Suppose $X$ and $Y$ are topological vector spaces, $dim(Y) < \infty$, $\Lambda : X \rightarrow Y$ is linear, and $\Lambda (X) = Y$. Prove that $\Lambda$ is an open mapping.
Thanks in advance.
Edit:
Definition of TVS: Here, a Topological Vector Space is a vector space such that vector addition and scalar multiplication are continuous and also singletons are closed.
I guess I should explicit my comment here since it is a bit big. I insist that there are details missing in the question, as the current statement is false. (The question you referred to has an answer concerning normed vector spaces. We are talking about topological vector spaces here, this is different.) Think for instance of a field $K$ and the map $K_1 \to K_2$ where both $K_i$ are $K$ as vector spaces, $K_1$ is a topological vector space with the discrete topology and $K_2$ with the trivial topology (the axioms of topological vector spaces are trivially checked since the product of two discrete/trivial topologies are discrete/trivial). This is not an open map.
This is what I had in mind when I said "pick two topologies where one is finer than the other". Since I don't need them to be induced by norms, they can be quite horrible. But this can also happen in practice (of functional analysis) when using semi-norms.
EDIT : Now that you say that the exercise is in Rudin, I started worrying about the details.
Here they are. Put the discrete topology on $K$. Let $K_1 \overset{def}= K^n$ with the discrete topology, and let $K_2 \overset{def}= K^n$ with the trivial topology. The product topologies on $K \times K_1$ and $K_1 \times K_1$ are both discrete, so any map with them as the domain is continuous ; it follows that addition and scalar multiplication on $K_1$ is continuous, making it into a topological vector space.
On $K_2$, since the topology is trivial, any map with $K_2$ as a codomain is continuous. Therefore addition $+ : K_2 \times K_2 \to K_2$ and scalar multiplication $K \times K_2 \to K_2$ are both continuous.
The identity map is definitely linear and of finite rank (it is an isomorphism of finite-dimensional vector spaces.
If you don't like this generic example, here is the argument if you take semi-norms. For example, turn $\mathbb R^n$ into an $\mathbb R$-topological vector space with its usual Euclidean norm and let $\mathbb R^n_0$ be $\mathbb R^n$ with the semi-norm $\|x\| = 0$ for all $x \in \mathbb R^n$ (this gives $\mathbb R^n$ the trivial topology since any open ball centered at $p \in \mathbb R^n$ will consist of all $\mathbb R^n$). The identity map $\mathbb R^n \to \mathbb R^n_0$ is linear, but not open (since $\mathbb R^n_0$ has only two open sets).
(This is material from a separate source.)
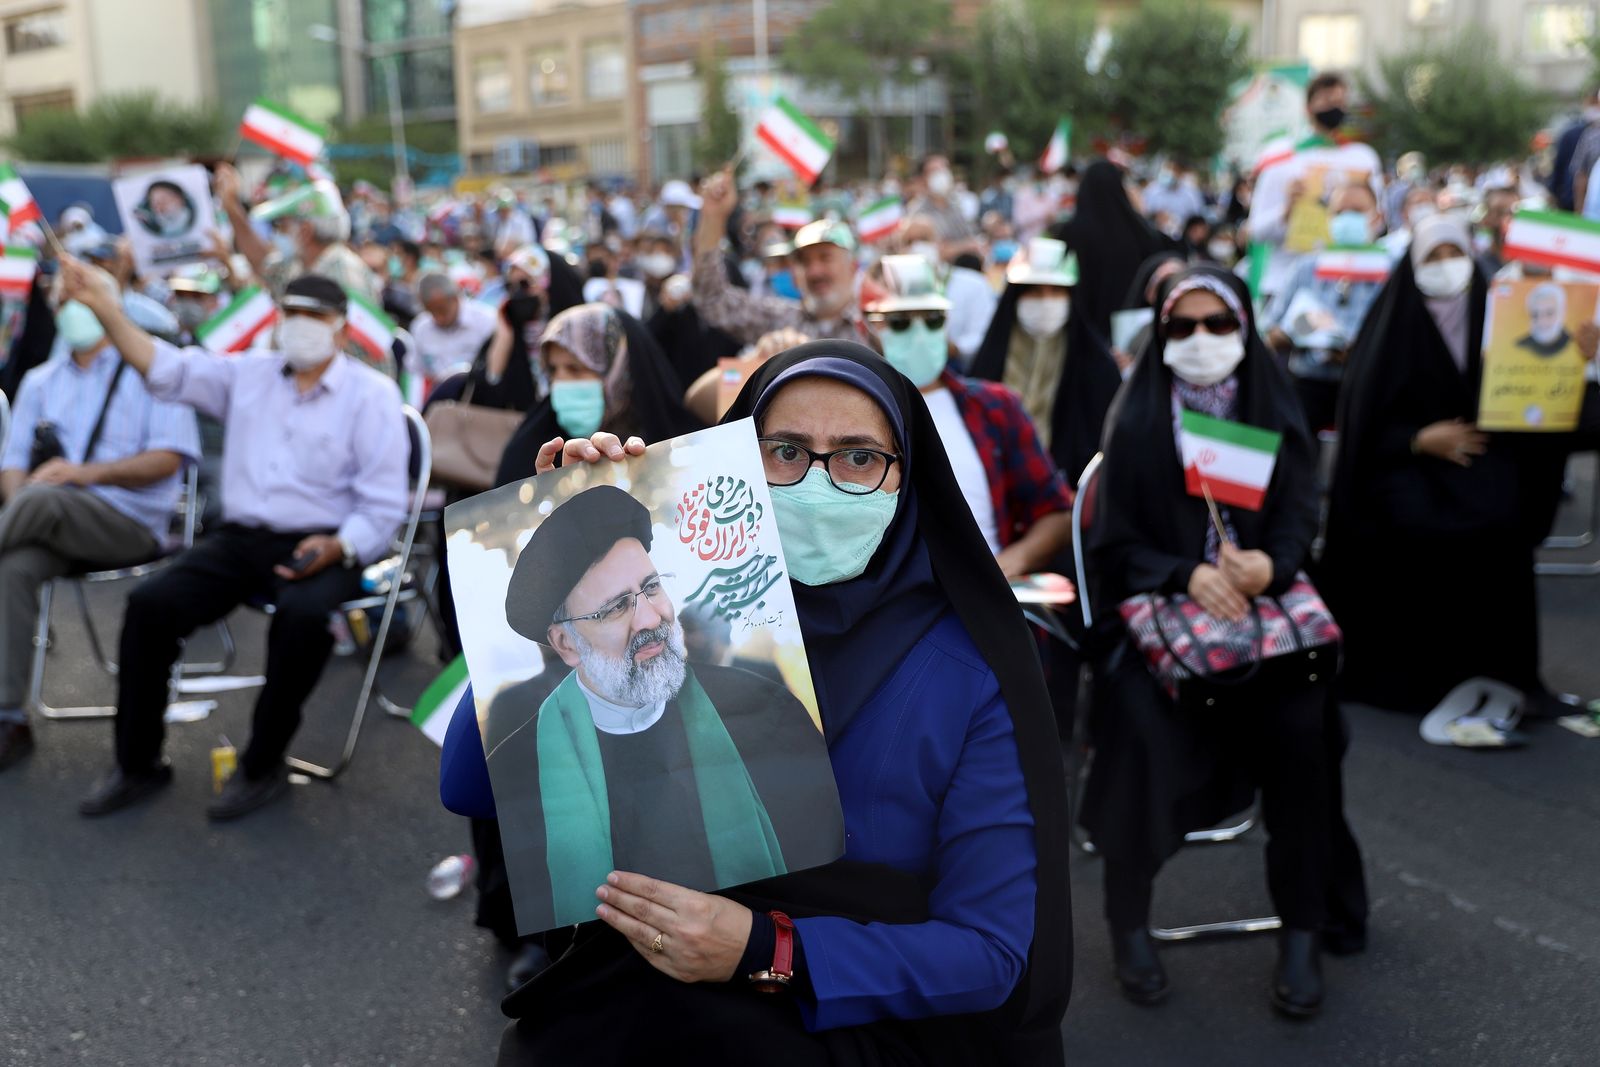 أنصار إبراهيم رئيسي يحملون ملصقات له خلال تجمع انتخابي في طهران - 16 يونيو 2021 - via REUTERS

EDIT 2 : The discussion with OP in the comments clarified that the topological spaces we deal with should be $T_1$ ; it is a general theorem in topological groups that they are $T_0$ if and only if they are $T_1$ if and only if they are $T_2$ ; so we might as well assume they are Hausdorff. With this assumption, the result is true.
Any finite-dimensional Hausdorff topological vector space $V$ over the topological field $K$ is isomorphic (i.e. an isomorphism which is also an homeomorphism) to $K^n$ where $n = \dim_K V$ (exercise ; I don't remember how to do this and I don't feel like digging in details).
Therefore, the map $\Lambda : X \to Y$ factors through a linear projection map $\pi : X \to X/\ker \Lambda$ followed by $\Lambda' : X/\ker \Lambda \to Y$. It is a general result of topological groups that $\pi$ is an open map ; this is because $X/\ker \Lambda$ is equipped with the quotient topology and $U \subseteq X/\ker \Lambda$ is open if and only if $\pi^{-1}(U)$ is open in $X$ ; but for $V \subseteq X$, $$ \pi^{-1}(\pi(V)) = \bigcup_{v \in \ker \Lambda} v + V, $$ which is continuous since translation by $v$ is an homeomorphism in $X$. Therefore it suffices to show that $\Lambda' : X/\ker \Lambda \to Y$ is an open map ; it is an isomorphism (because we assumed it surjective and we factored out its kernel), so this is trivial since both spaces are Hausdorff (all there is to show here is that linear isomorphisms of $K^n$ are also homeomorphisms).
Hope that helps,